Le catalogue n’est pas adapté au web 2.0
Un catalogue, qu’est-ce que c’est ? un outil permettant identification et surtout localisation d’un document ou d’un ensemble de documents au sein d’une collection. Et j’oserai même dire que l’identification (métadonnées, autorités, résumés divers,…) est essentiellement au service de la localisation. L’objectif du catalogue, c’est finalement l’appropriation du document matériel. Tout concourt à cela :
– la discrétion normalisée des notices, qui laisse peu de place au dialogue et au débat ;
– la sophistication des descripteurs, qui n’est possible que parce que les documents décrits sont stables et inanimés ;
– le caractère localisé des notices stockées, des recherches qui sont rendues possibles et des documents que ces notices ciblent : même en ligne, le catalogue fait bien entrer dans la bibliothèque.
Certes, on soulignera qu’il existe de timides exceptions. Mais regardons-y de plus près :
– certaines bibliothèques ont tenté, depuis plusieurs années, de laisser les utilisateurs apposer leurs commentaires voire tags. L’insuccès est au rendez-vous, et je laisse à Lionel Dujol le soin de le montrer brillamment ;
– on commence à évoquer des catalogues accessibles aux moteurs de recherche (on m’a parlé de PMB : est-ce vrai ?) : l’intention est louable, mais à qui cela va-t-il servir ? Une notice de catalogue déconnectée d’une collection ne satisfait que les bibliothécaires, et savoir qu’un habitant de Winnipeg pourra connaitre mes notices n’offre qu’une satisfaction bibliothécaire, non un service ;
– d’autres évoquent l’intérêt de « s’associer » à des catalogues sociaux de type Librarything ou Babelio. Pourquoi ? pour fondre le catalogue dans un réseau d’échanges ? Partiellement seulement, car comme le souligne ‘Des bibliothèques 2.0‘ : « Le but est d’enrichir nos OPAC avec du contenu déposé sur d’autres plateformes web. En gros, il existe des endroits où tout un chacun rentre ses livres, les commente, les note, les taggue, etc… Et c’est ces informations là, détenues par des institutions tiers, qui viendront enrichir nos OPAC. » Une fois encore, on rentre à la maison…
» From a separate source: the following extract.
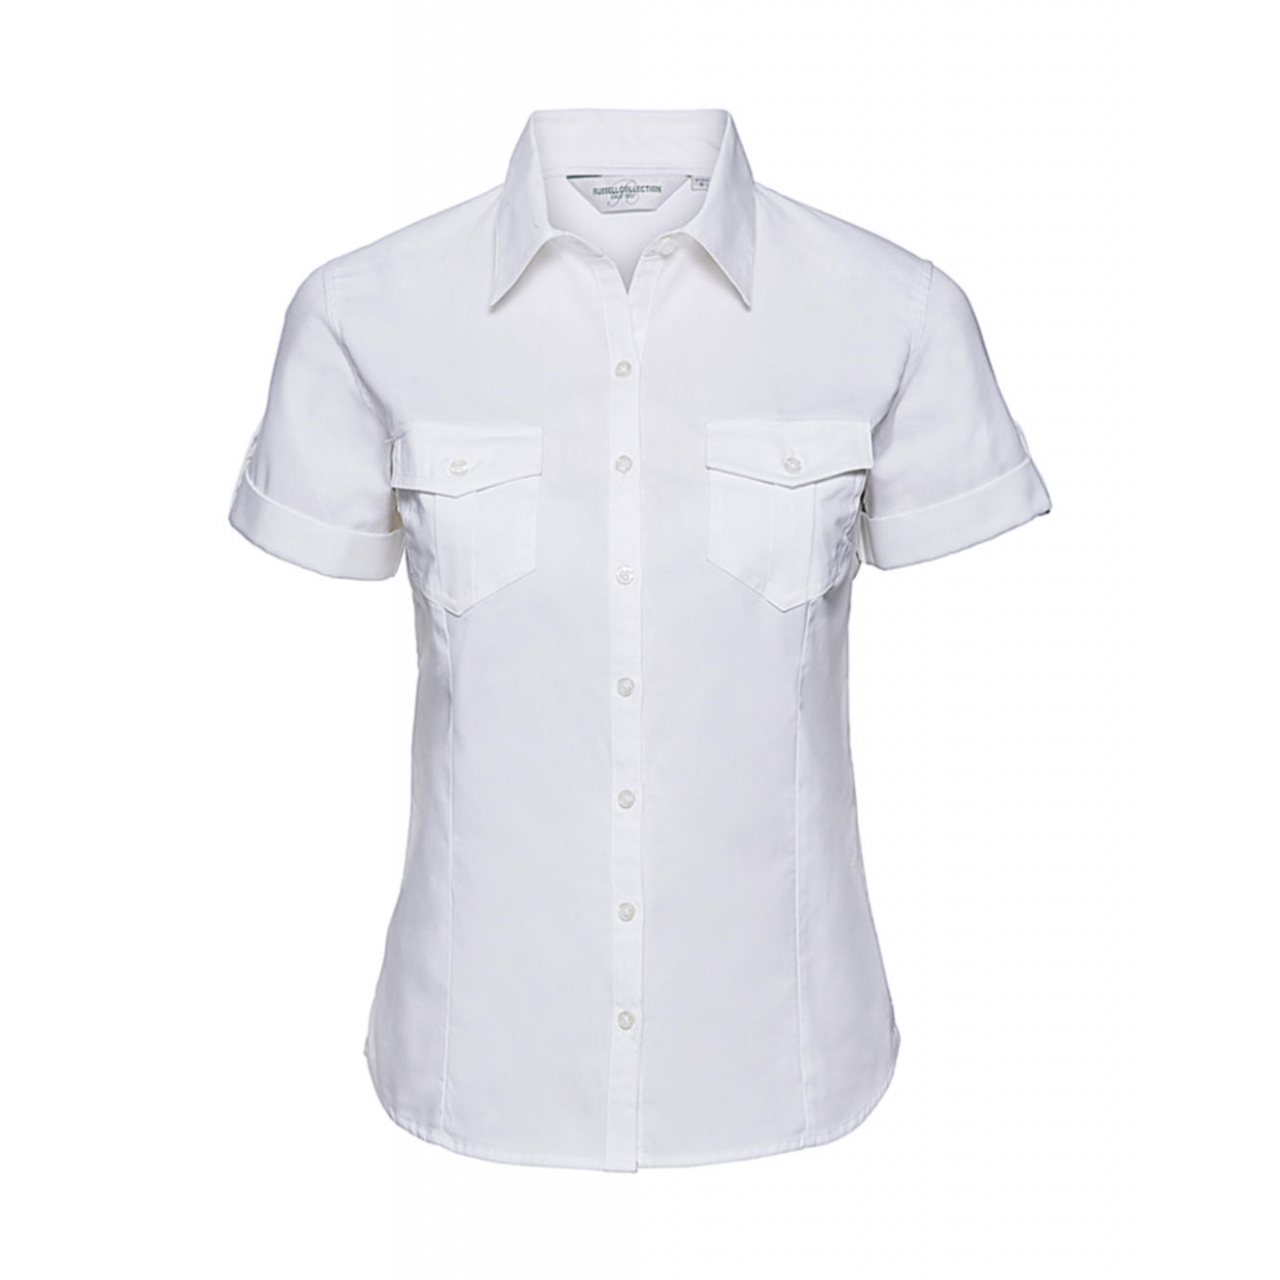 Košile dámská krátký rukáv Rusell Roll Sleeve - bílá, XS

Notez que je ne parle pas ici de la mutation de certains catalogues des documents numérisés de très grosses institutions ou consortiums confrontés à l’accès à des bibliothèques numériques en constitution (type Hathi Trust) : ceux-ci offrent un immense atout, permettre au moins pour la partie numérique des collections d’entrer dans le texte (sans devoir se déplacer à la bibliothèque), se constituer des collections de textes… mais je parle en fait des catalogues que nous connaissons dans l’immense majorité de nos établissements, ceux qui s’appuient sur les documents matériels présents sur nos étagères.
Les utilisateurs du catalogue sont-ils 2.0 de la façon qu’on les rêve ?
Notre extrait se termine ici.